Plataforma ciudadana y nueva Constitución

En la Constitución de 1925, participaron 122 personas; en la de 1980, 12 personas; y en este proceso, en la fase participativa, se hicieron parte 204 mil 402 personas.

17 Mayo   67   Editorial   Gustavo Alvarado

Después de un proceso que incluyó la realización de cabildos ciudadanos a lo largo de todo el país, la administración de Michelle Bachelet presentó un proyecto para una nueva Constitución en Chile. Como dato, lo hizo a menos de una semana de dejar el cargo.
Así, en términos generales, la propuesta busca garantizar ciertos derechos como el acceso a la salud y la educación o la igualdad, la no discriminación y la igualdad salarial. En cuanto a las reformas políticas, se contempla la extensión del mandato presidencial de cuatro a seis años, pero sin la posibilidad de repostularse inmediatamente o en períodos siguientes, como ocurre actualmente. También se incorporó una figura inexistente hoy en el orden legislativo chileno como la Iniciativa Ciudadana de Ley, una moción que podrá ser revisada en el Congreso si es que se cuenta con el apoyo del 5% de los ciudadanos con derecho a sufragio en el país.
Pero, luego de ese paso dado por Bachelet, ¿qué ha pasado con su tramitación? Recientemente, en un seminario realizado en el Congreso respecto a la necesidad de una nueva Carta Magna en el país, el presidente del Senado, Jaime Quintana (PPD), dijo: “Creo que hay razones para pensar que la actual Constitución que nos rige, más allá de su legitimidad de origen, está siendo cuestionada también en términos de su legitimidad de ejercicio, puesto que se trata de un texto que no permite que nuestro país enfrente con decisión los desafíos de este siglo, en el marco de una sociedad cada vez más activa, más horizontal, con un avance tecnológico y científico en constante expansión, con el surgimiento de nuevos derechos que requieren de nuevas regulaciones y de otros espacios de participación”.

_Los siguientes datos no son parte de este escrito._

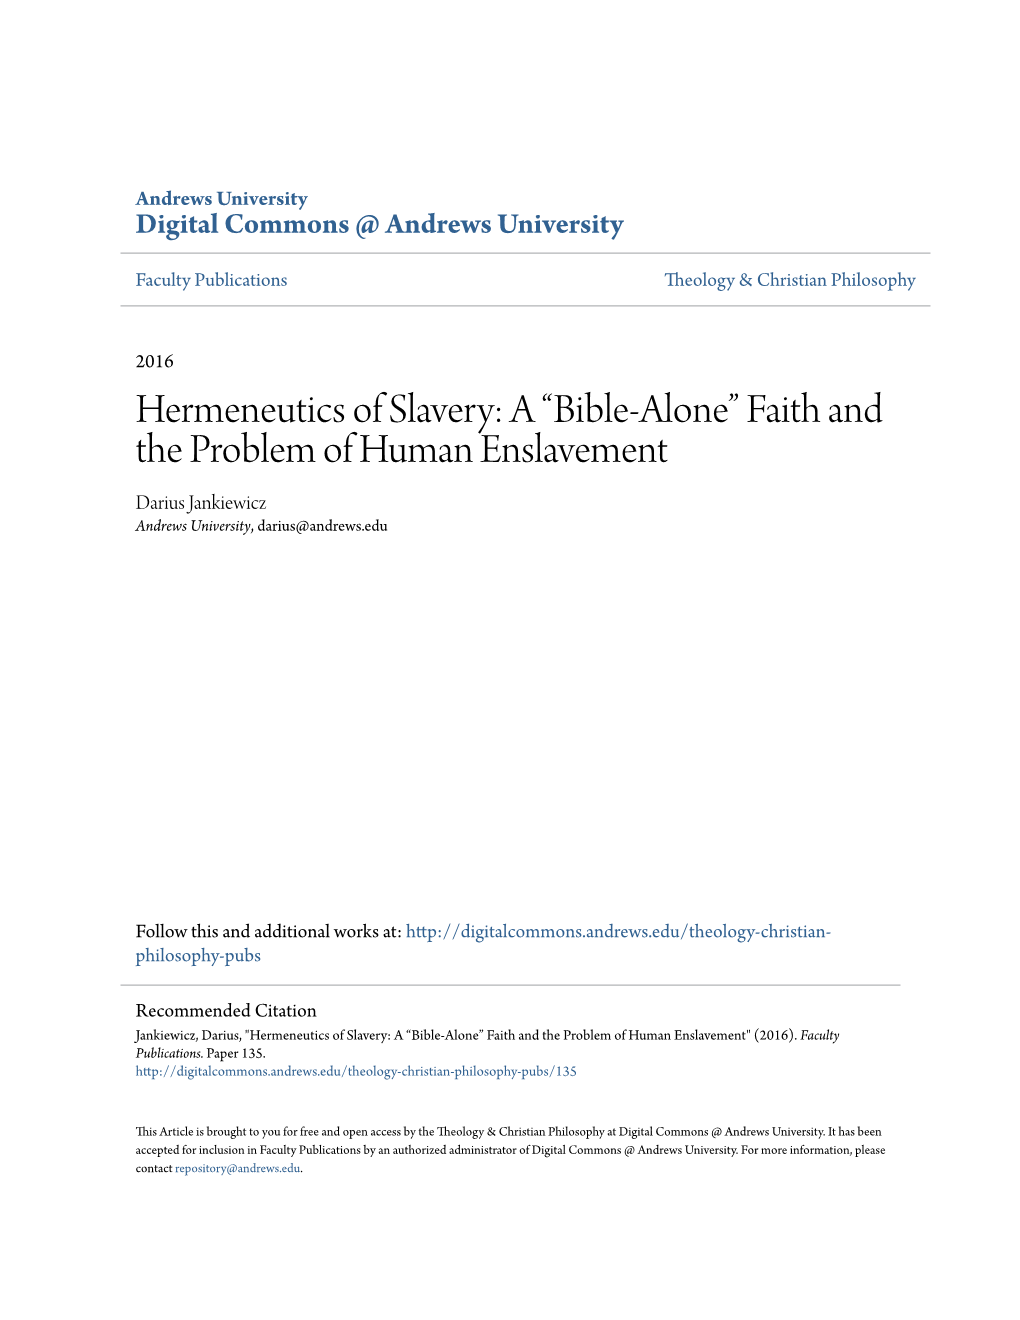 Hermeneutics of Slavery: a “Bible-Alone” Faith and the Problem of Human Enslavement Darius Jankiewicz Andrews University, Darius@Andrews.Edu

En la instancia donde participaron representantes de distintos sectores, se dio a conocer una plataforma de consulta ciudadana llamada Senado Virtual Constituyente, herramienta participativa que permitirá a los ciudadanos y ciudadanas comparar el texto del proyecto con la nueva propuesta de Constitución que actualmente se encuentra en trámite en el Senado y la Constitución vigente.

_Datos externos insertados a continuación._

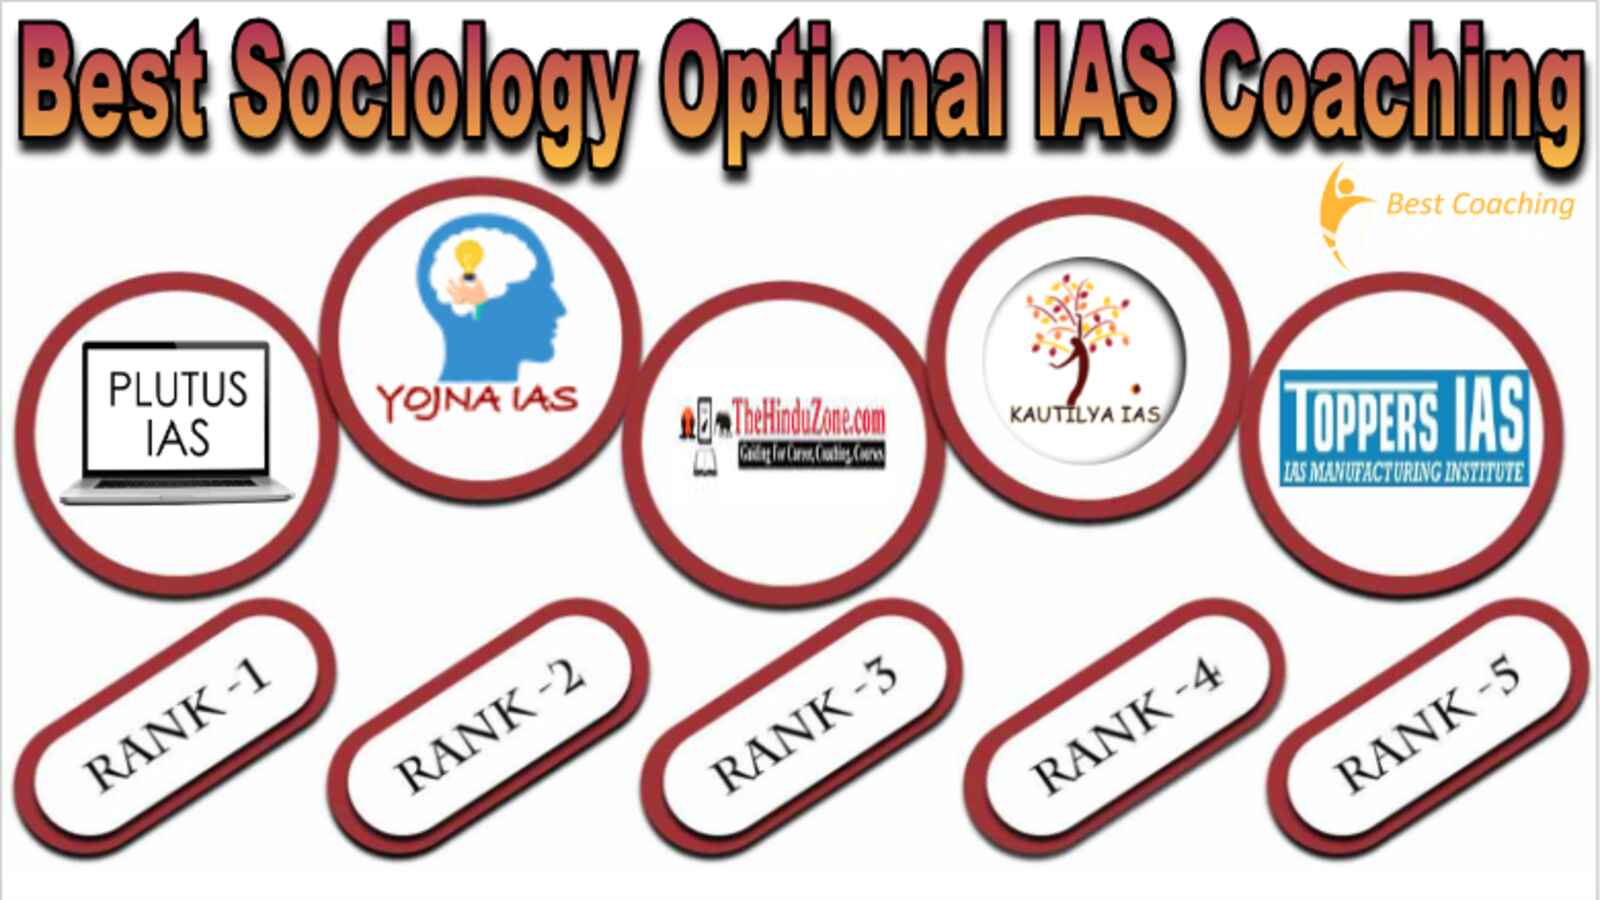 Best Sociology Optional IAS Coaching in Delhi

De este modo, se podrán recoger las opiniones y críticas de la ciudadanía de modo de poder incorporarlas al debate legislativo.
Cabe recordar que, este proceso de nueva Constitución, es la primera que incorpora un proceso de participación ciudadana. En la Constitución de 1925, participaron 122 personas; en la de 1980, 12 personas; y en este proceso, en la fase participativa, se hicieron parte 204 mil 402 personas.
Se trata de un espacio para la ciudadanía, para informarse de los alcances de la actual Constitución y expresar sus impresiones acerca del proyecto que está actualmente en trámite. En tiempos donde se cuestiona la participación en los temas relevantes del país, es una buena alternativa para ser determinante en la carta fundamental que nos regirá como país.